Why the foundations of physics have not progressed for 40 years

Sabine Hossenfelder is an author and theoretical physicist who researches quantum gravity, who recently published an article with highlights that are mentioned here.

In the foundations of physics, we have not seen progress since the mid 1970s when the standard model of particle physics was completed. Ever since then, the theories we use to describe observations have remained unchanged. Sure, some aspects of these theories have only been experimentally confirmed later. 

The major cause of this stagnation is that physics has changed, but physicists have not changed their methods. 

This cycle must eventually lead into a dead end when experiments become simply too expensive to remain affordable. A $40 billion particle collider is such a dead end.

The consequence has been that experiments in the foundations of physics past the 1970s have only confirmed the already existing theories.
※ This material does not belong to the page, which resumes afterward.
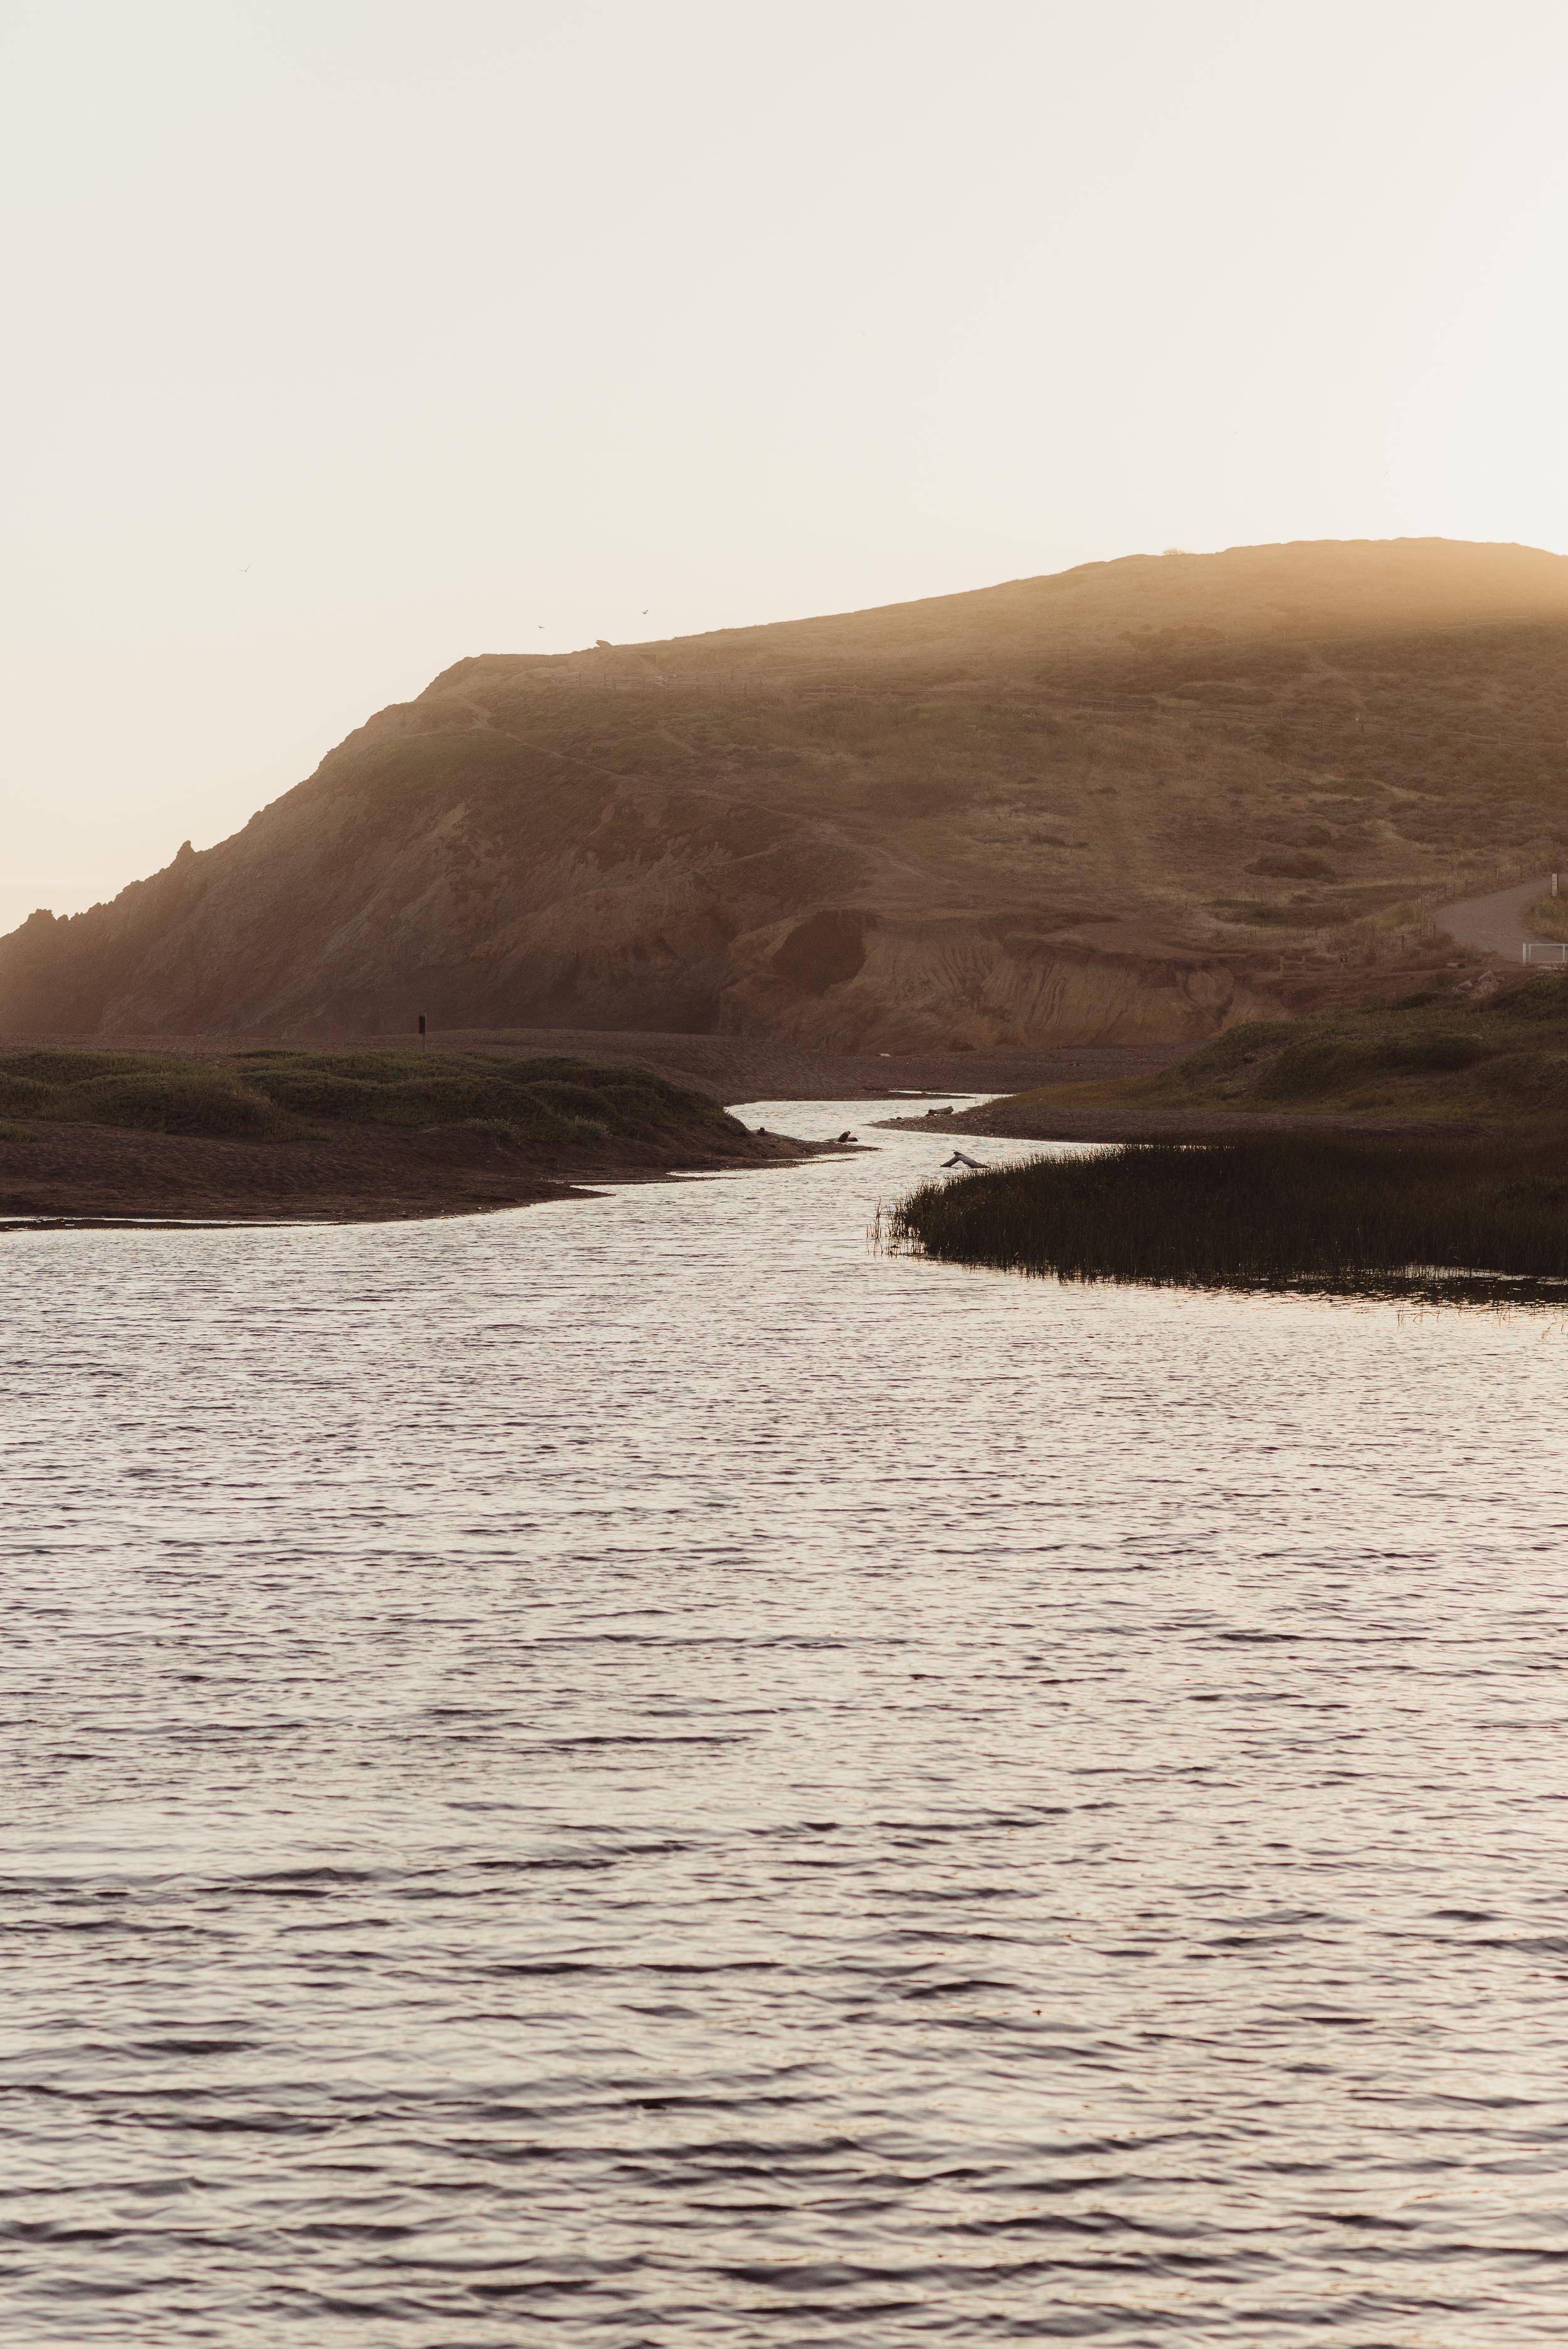 sunset-marin-headland-engagement-photographer-vivianchen-152.jpg

None found evidence of anything beyond what we already know.

Instead of examining the way that they propose hypotheses and revising their methods, theoretical physicists have developed a habit of putting forward entirely baseless speculations. Over and over again I have heard them justifying their mindless production of mathematical fiction as “healthy speculation” – entirely ignoring that this type of speculation has demonstrably not worked for decades and continues to not work. There is nothing healthy about this. It’s sick science. And, embarrassingly enough, that’s plain to see for everyone who does not work in the field.
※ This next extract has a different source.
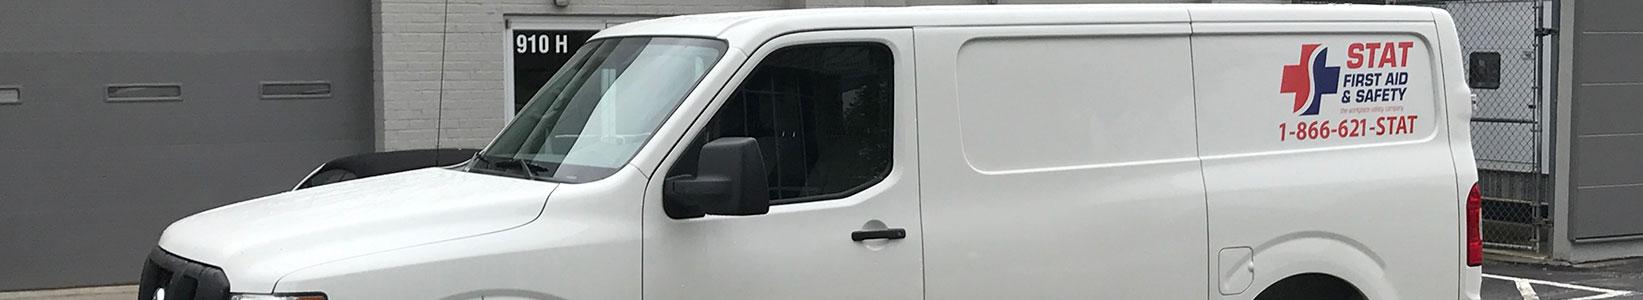 van delivery service

This behavior is based on the hopelessly na?ve, not to mention ill-informed, belief that science always progresses somehow, and that sooner or later certainly someone will stumble over something interesting. But even if that happened – even if someone found a piece of the puzzle – at this point we wouldn’t notice, because today any drop of genuine theoretical progress would drown in an ocean of “healthy speculation”.

And so, what we have here in the foundation of physics is a plain failure of the scientific method. All these wrong predictions should have taught physicists that just because they can write down equations for something does not mean this math is a scientifically promising hypothesis. String theory, supersymmetry, multiverses. There’s math for it, alright. Pretty math, even. But that doesn’t mean this math describes reality.

Physicists need new methods. Better methods. Methods that are appropriate to the present century.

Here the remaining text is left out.